**Problem details**: From the listing below, output only the lines starting at the line that has "Gueze Blood red heavyweight t-shirt Unisex" and ending at the line that has "Ordenanzas Municipales De", exactly as they appear, ends included.

**Records for the task**:
__________
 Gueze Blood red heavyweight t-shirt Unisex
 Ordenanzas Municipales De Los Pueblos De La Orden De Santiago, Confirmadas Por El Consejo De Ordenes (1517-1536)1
__________
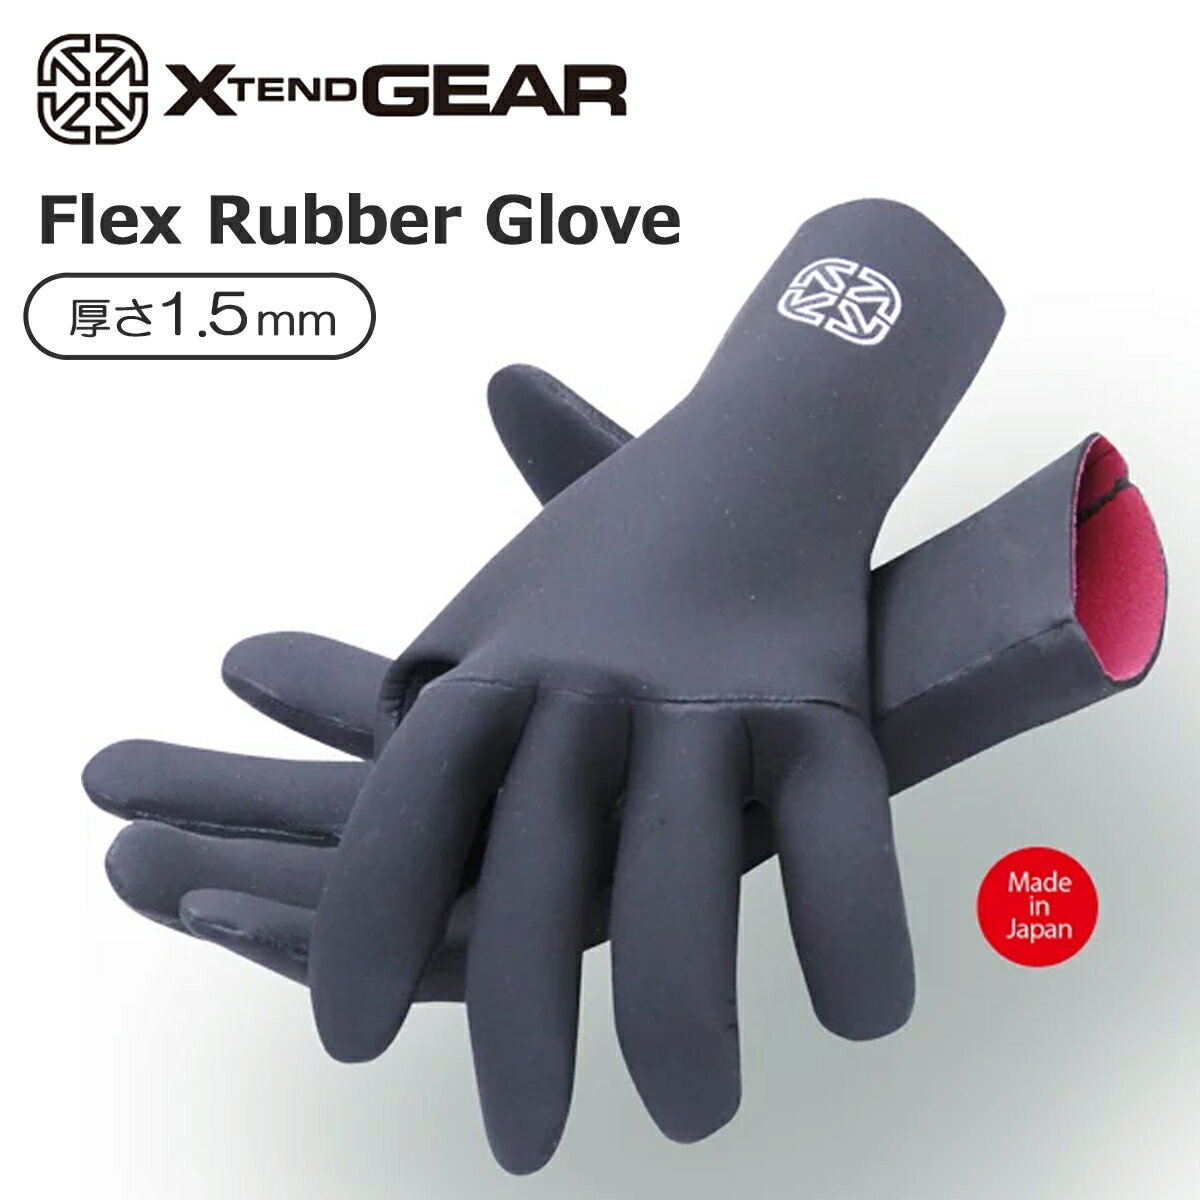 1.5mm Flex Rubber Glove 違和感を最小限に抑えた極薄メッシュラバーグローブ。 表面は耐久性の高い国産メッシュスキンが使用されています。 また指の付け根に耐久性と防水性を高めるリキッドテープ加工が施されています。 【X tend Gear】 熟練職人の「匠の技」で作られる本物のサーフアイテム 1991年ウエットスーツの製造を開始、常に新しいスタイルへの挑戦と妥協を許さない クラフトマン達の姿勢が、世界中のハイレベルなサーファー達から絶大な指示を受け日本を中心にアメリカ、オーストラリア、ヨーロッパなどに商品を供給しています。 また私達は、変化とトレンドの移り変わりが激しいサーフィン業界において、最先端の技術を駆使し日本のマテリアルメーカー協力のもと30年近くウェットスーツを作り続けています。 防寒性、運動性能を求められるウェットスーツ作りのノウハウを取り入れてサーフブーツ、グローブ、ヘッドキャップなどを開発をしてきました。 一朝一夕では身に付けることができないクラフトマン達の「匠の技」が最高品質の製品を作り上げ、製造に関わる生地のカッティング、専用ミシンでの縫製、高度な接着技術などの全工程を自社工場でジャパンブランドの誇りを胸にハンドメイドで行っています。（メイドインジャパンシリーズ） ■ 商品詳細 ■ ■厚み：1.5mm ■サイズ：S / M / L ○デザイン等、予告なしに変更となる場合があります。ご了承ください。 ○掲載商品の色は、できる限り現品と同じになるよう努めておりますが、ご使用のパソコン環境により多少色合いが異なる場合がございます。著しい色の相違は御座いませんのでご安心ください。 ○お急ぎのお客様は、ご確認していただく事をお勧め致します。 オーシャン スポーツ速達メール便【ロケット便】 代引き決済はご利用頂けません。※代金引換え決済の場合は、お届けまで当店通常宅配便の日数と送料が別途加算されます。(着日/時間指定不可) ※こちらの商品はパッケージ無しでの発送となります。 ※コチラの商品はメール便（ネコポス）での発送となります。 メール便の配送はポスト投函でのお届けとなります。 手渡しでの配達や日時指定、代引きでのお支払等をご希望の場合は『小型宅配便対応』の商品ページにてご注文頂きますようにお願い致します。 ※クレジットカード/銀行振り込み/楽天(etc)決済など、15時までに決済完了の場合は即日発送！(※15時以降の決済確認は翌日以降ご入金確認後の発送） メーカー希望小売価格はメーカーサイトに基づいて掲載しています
__________
**Written answer**:
 Gueze Blood red heavyweight t-shirt Unisex
 Ordenanzas Municipales De Los Pueblos De La Orden De Santiago, Confirmadas Por El Consejo De Ordenes (1517-1536)1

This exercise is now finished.